# Task item:
When copying the data below, keep only the lines from the one with "Hund hoppar i snö" through the one with "Ein dreisitziges Sofa, entworfen", word for word, and skip the pictures.

# Provided records:
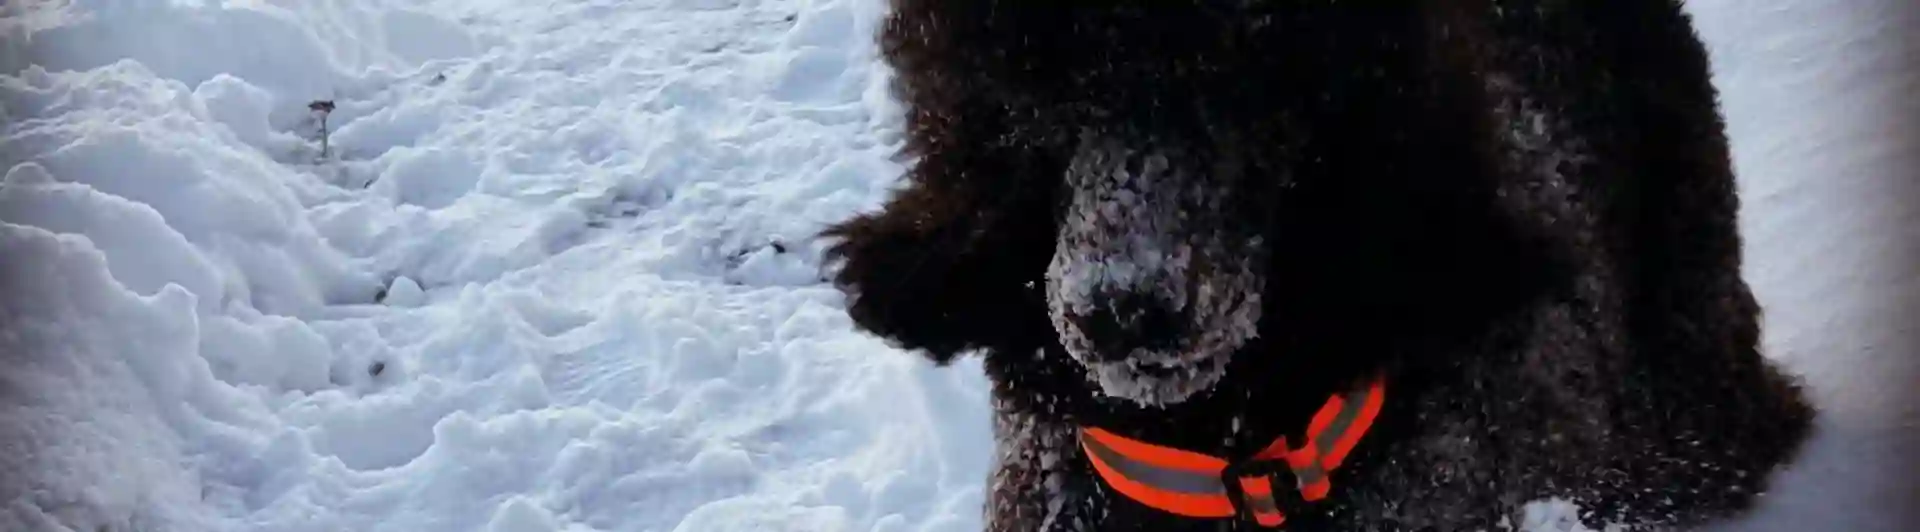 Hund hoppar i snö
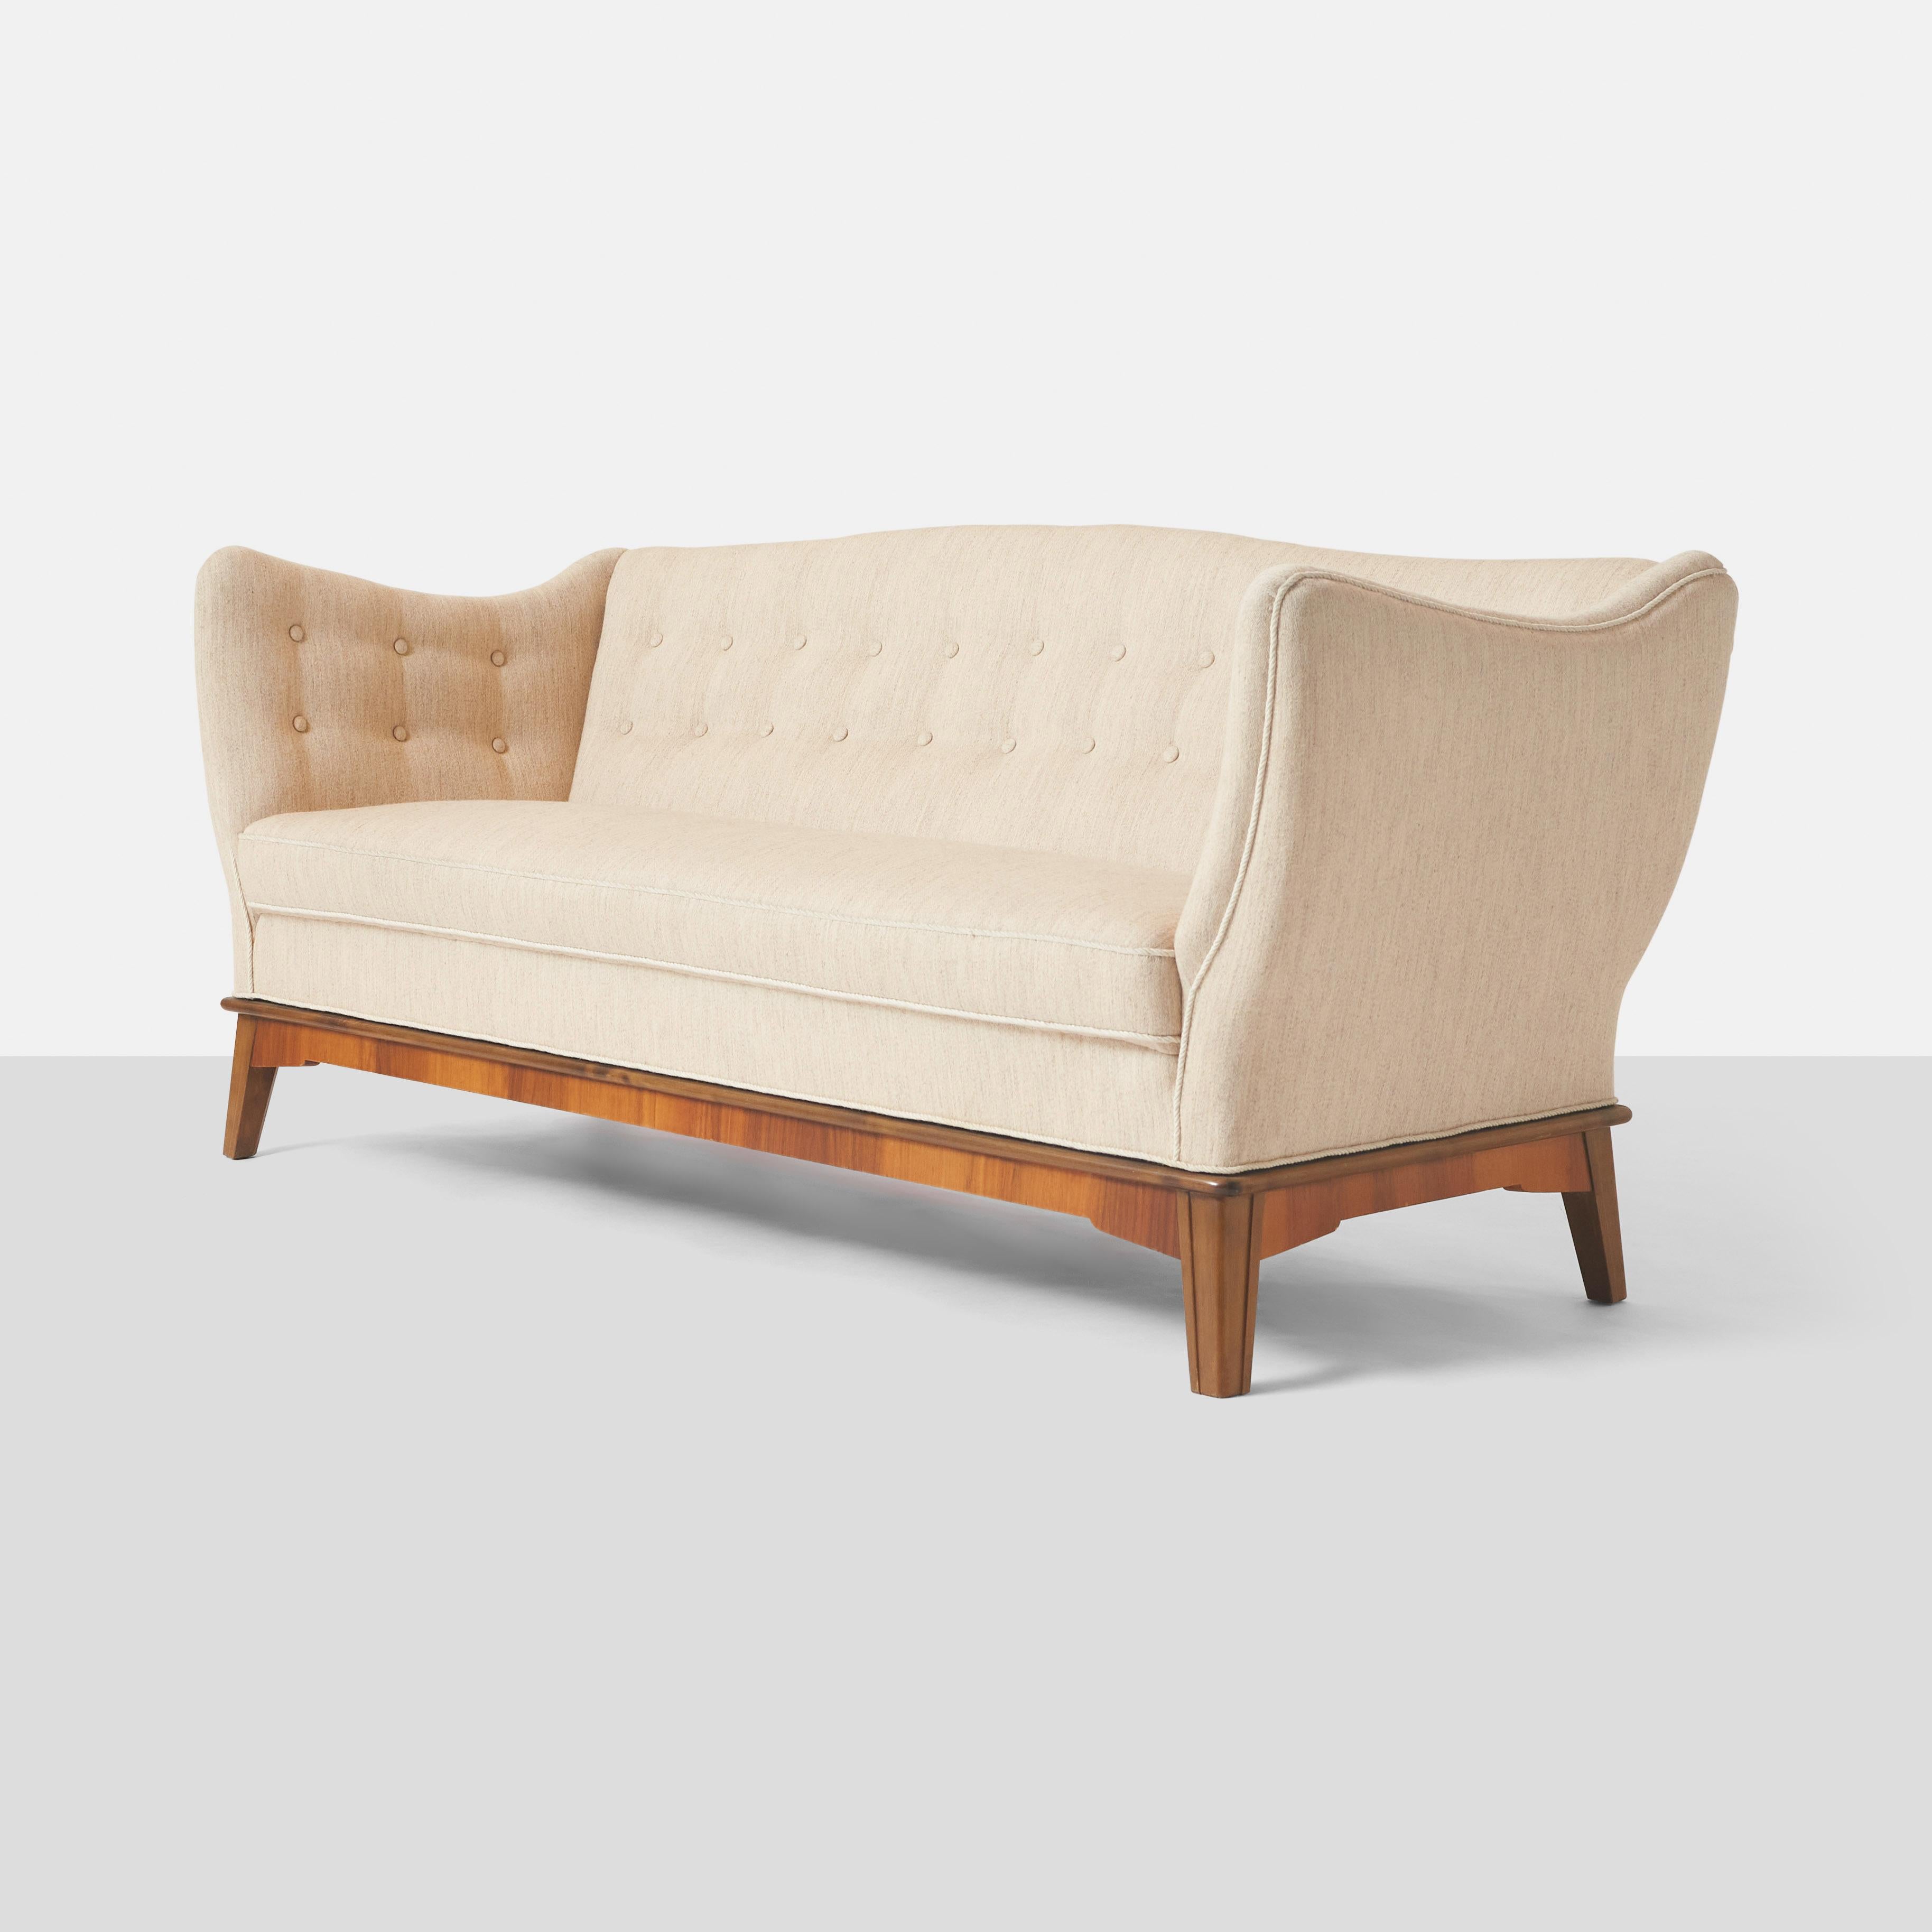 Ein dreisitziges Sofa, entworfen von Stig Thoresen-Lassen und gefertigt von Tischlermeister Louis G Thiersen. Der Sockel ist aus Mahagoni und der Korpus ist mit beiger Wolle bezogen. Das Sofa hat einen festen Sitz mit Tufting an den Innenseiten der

---

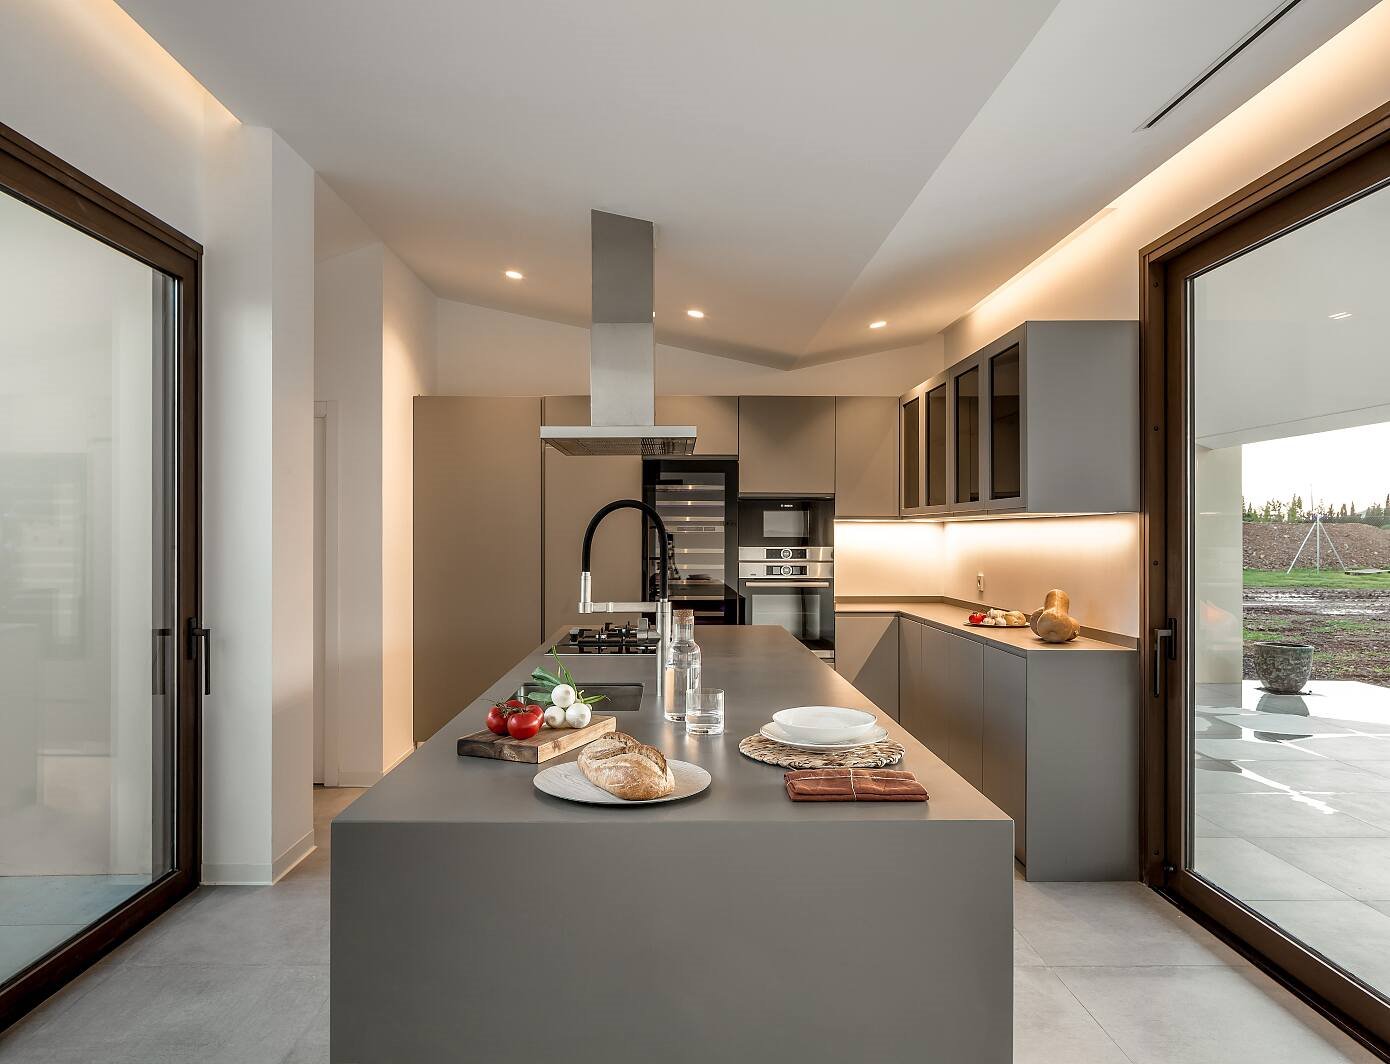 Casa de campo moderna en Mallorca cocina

--

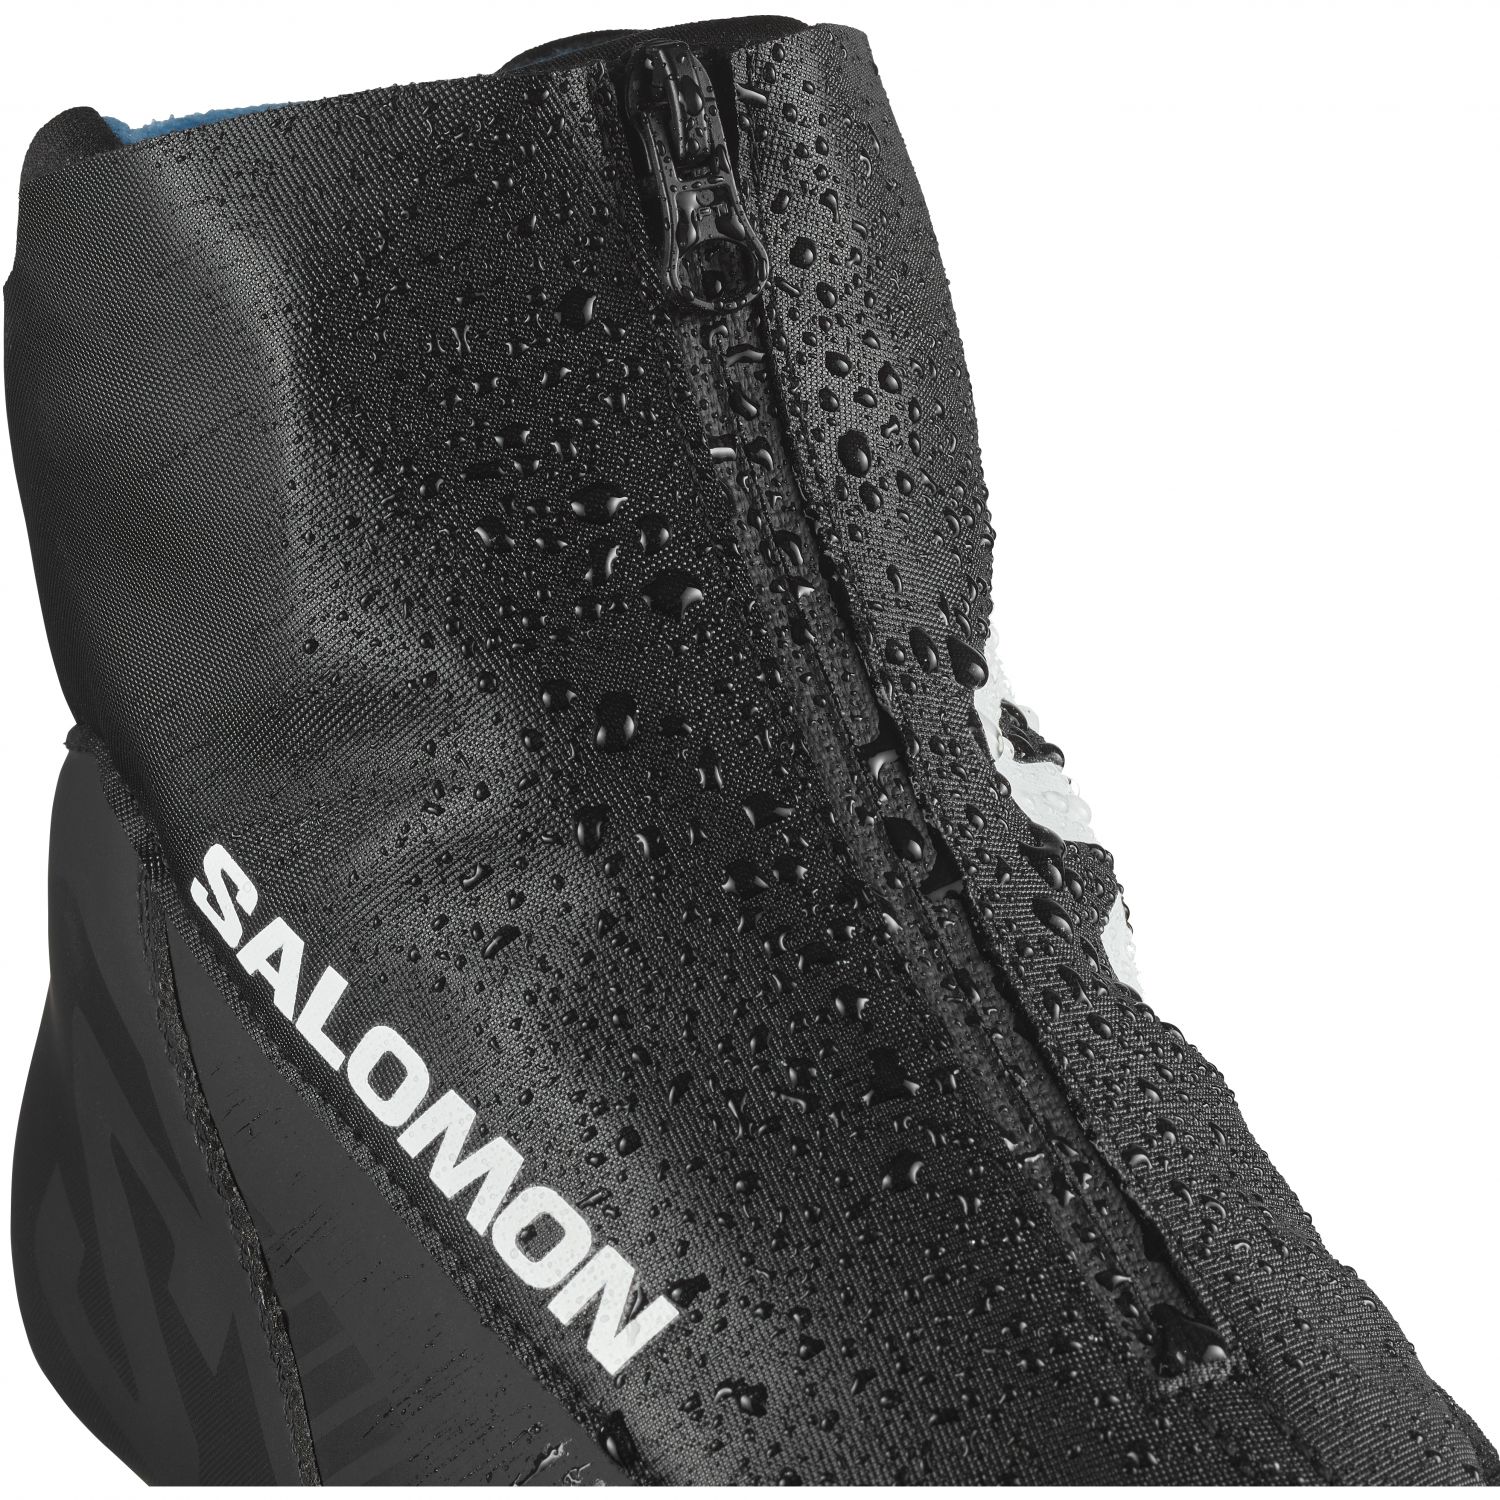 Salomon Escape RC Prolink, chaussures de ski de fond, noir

# Response area:
 Hund hoppar i snö
 Ein dreisitziges Sofa, entworfen von Stig Thoresen-Lassen und gefertigt von Tischlermeister Louis G Thiersen. Der Sockel ist aus Mahagoni und der Korpus ist mit beiger Wolle bezogen. Das Sofa hat einen festen Sitz mit Tufting an den Innenseiten der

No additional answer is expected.